Algorithms Every Programmer Should Know: Reservoir Sampling - timr
https://www.omniref.com/ruby/gems/stream_sampler/0.0.1/symbols/StreamSampler?#annotation=4094626&line=2
======
eridius
This algorithm was introduced with the premise

> _" I have a database table with #{17.kajillion} records, and I want to take
> a random sample of #{X} of them. How can I do this efficently?"_

And goes on to say that something like `YourBigTable.all.sample(X)` is bad in
time and space. And the link that explains why doing `ORDER BY RANDOM()` is
bad lists one reason being that generation of random numbers is relatively
expensive.

But these problems aren't solved by reservoir sampling.
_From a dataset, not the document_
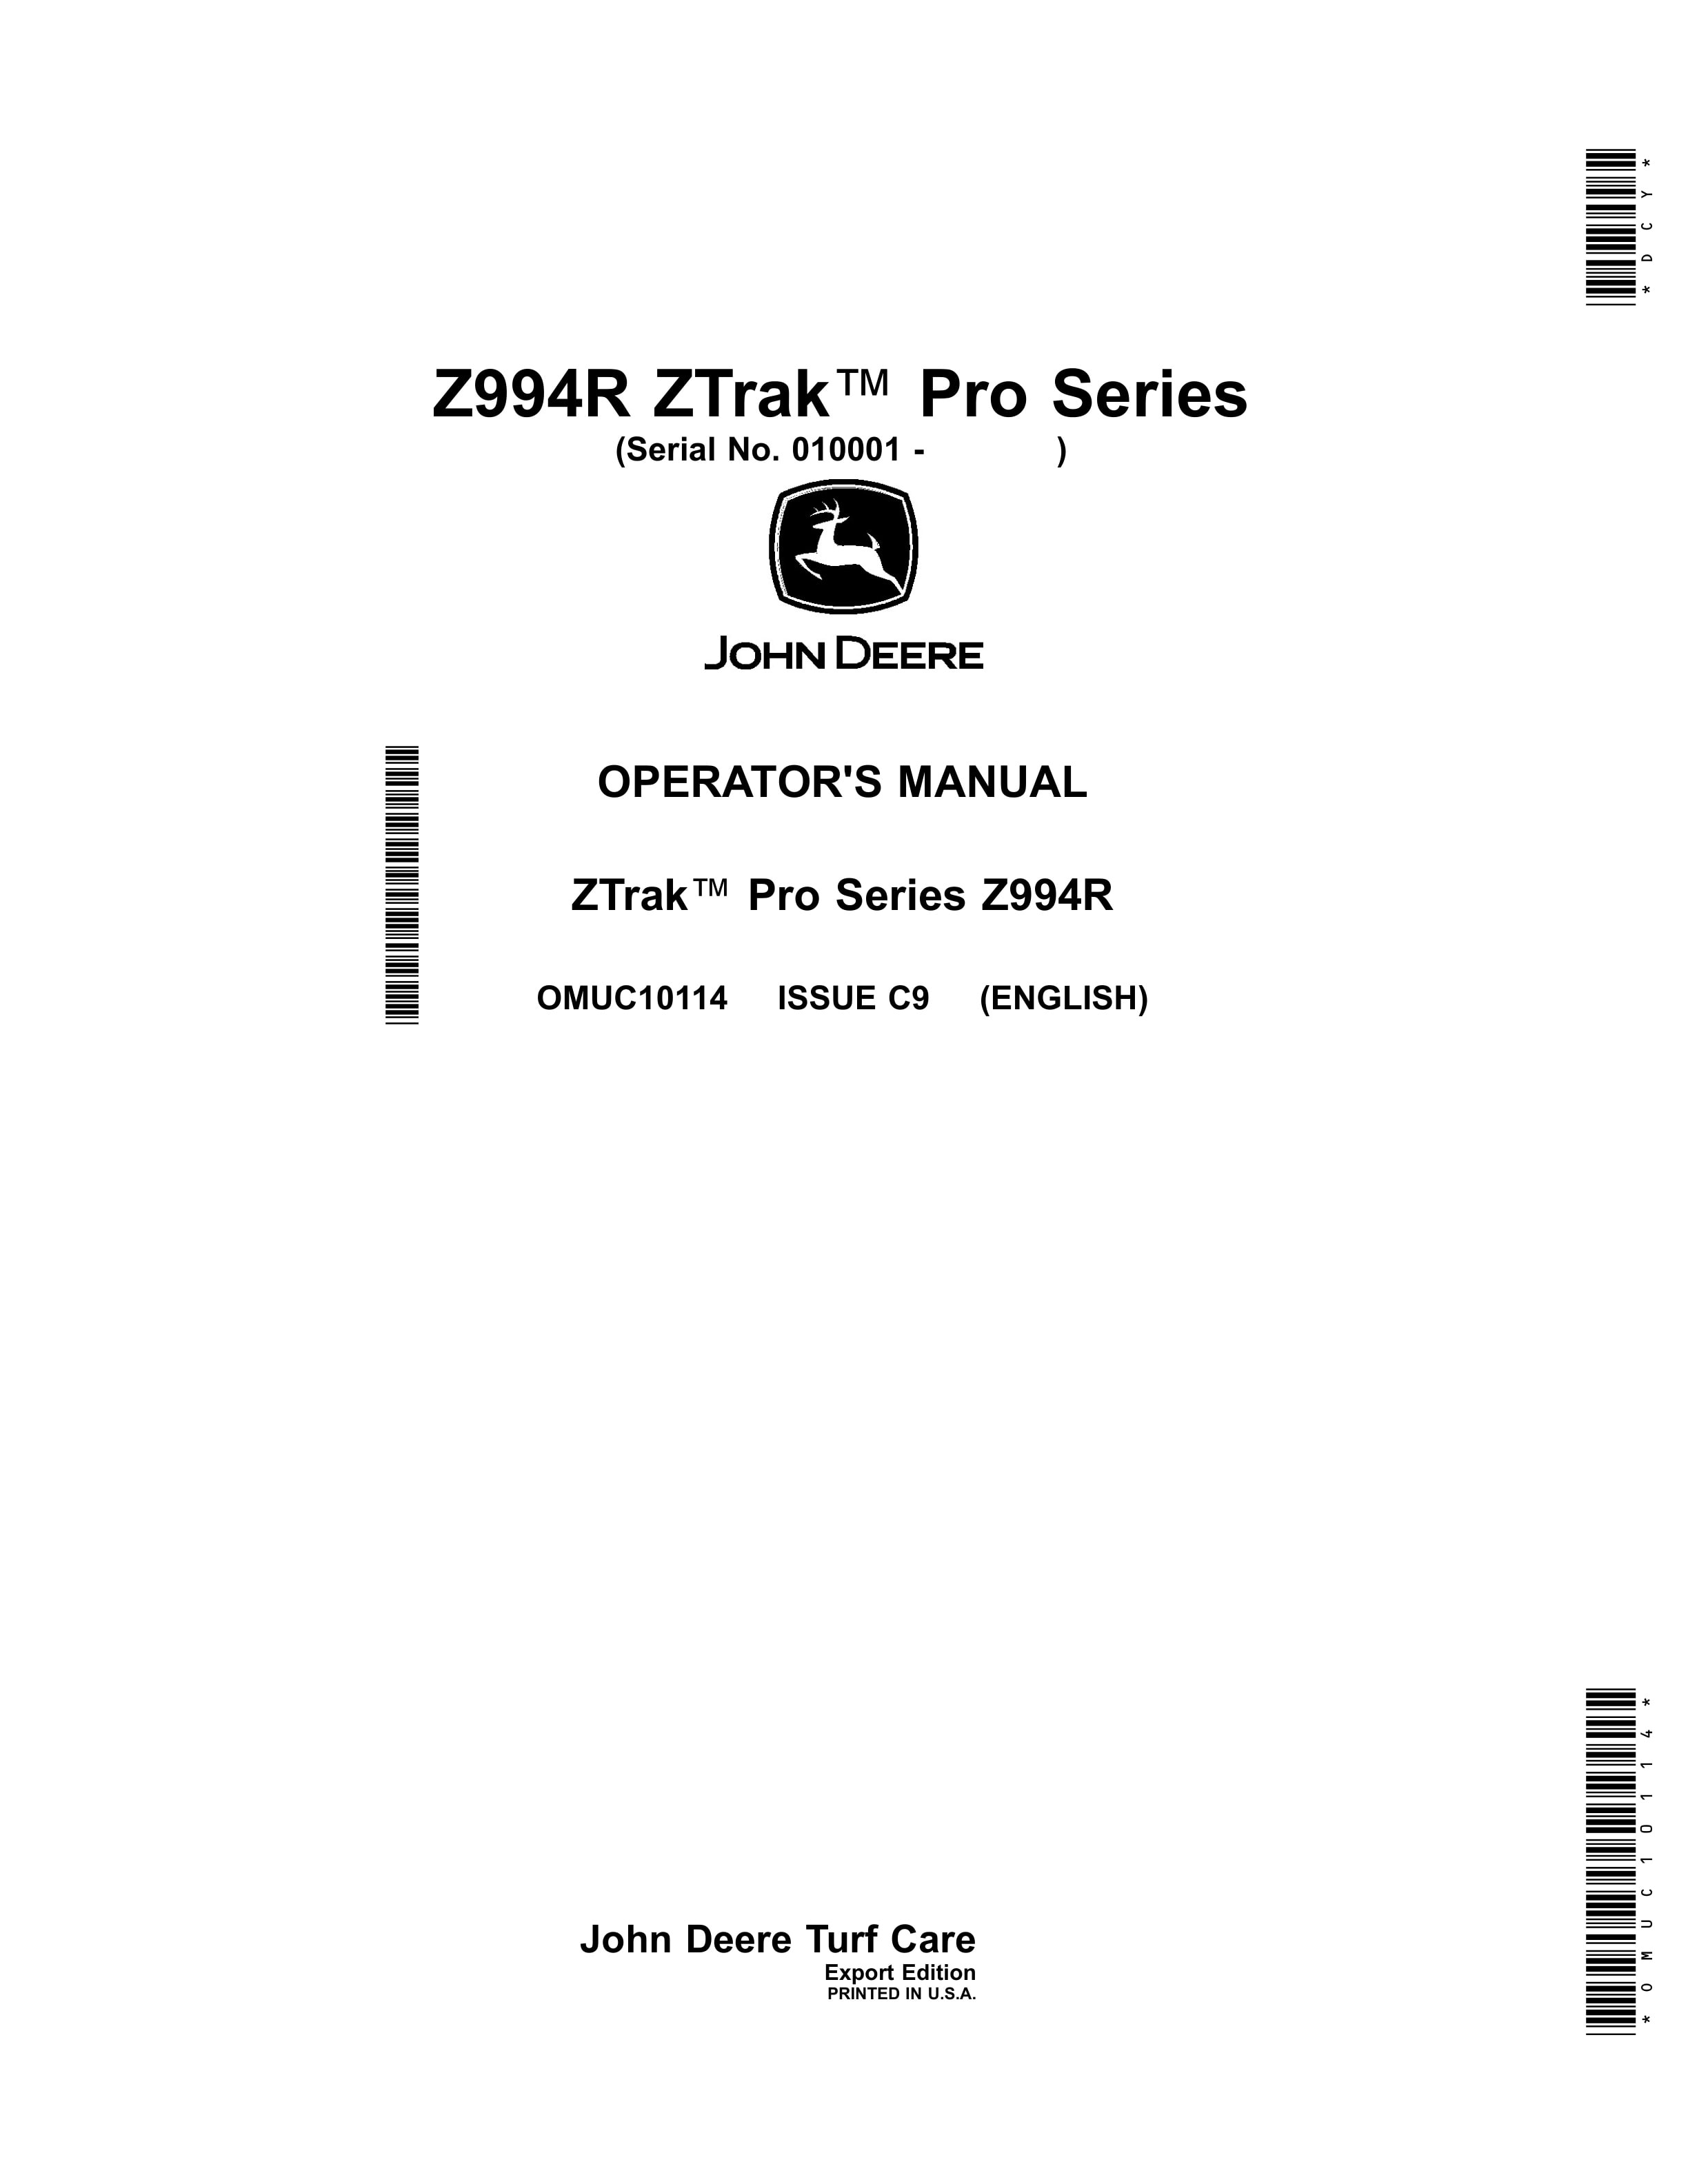 John Deere Z994R ZTrak Pro Series Operator Manual OMUC10114 1

Reservoir sampling is
still O(N), and it requires generating a random number for every element. It
still beats `ORDER BY RANDOM()` because it doesn't have to sort the numbers
(or even keep them all in memory at the same time). But that doesn't make it a
good choice.

More generally, reservoir sampling is appropriate when you _don 't know the
size of the set beforehand_. But in the premise, we do know the size of the
set. And if you know the size of the set (and have some way to address
arbitrary elements), then randomly generating a set of X indices is going to
be much simpler and faster. Yeah, you have to deal with duplicate indices, but
that's an easy problem to solve.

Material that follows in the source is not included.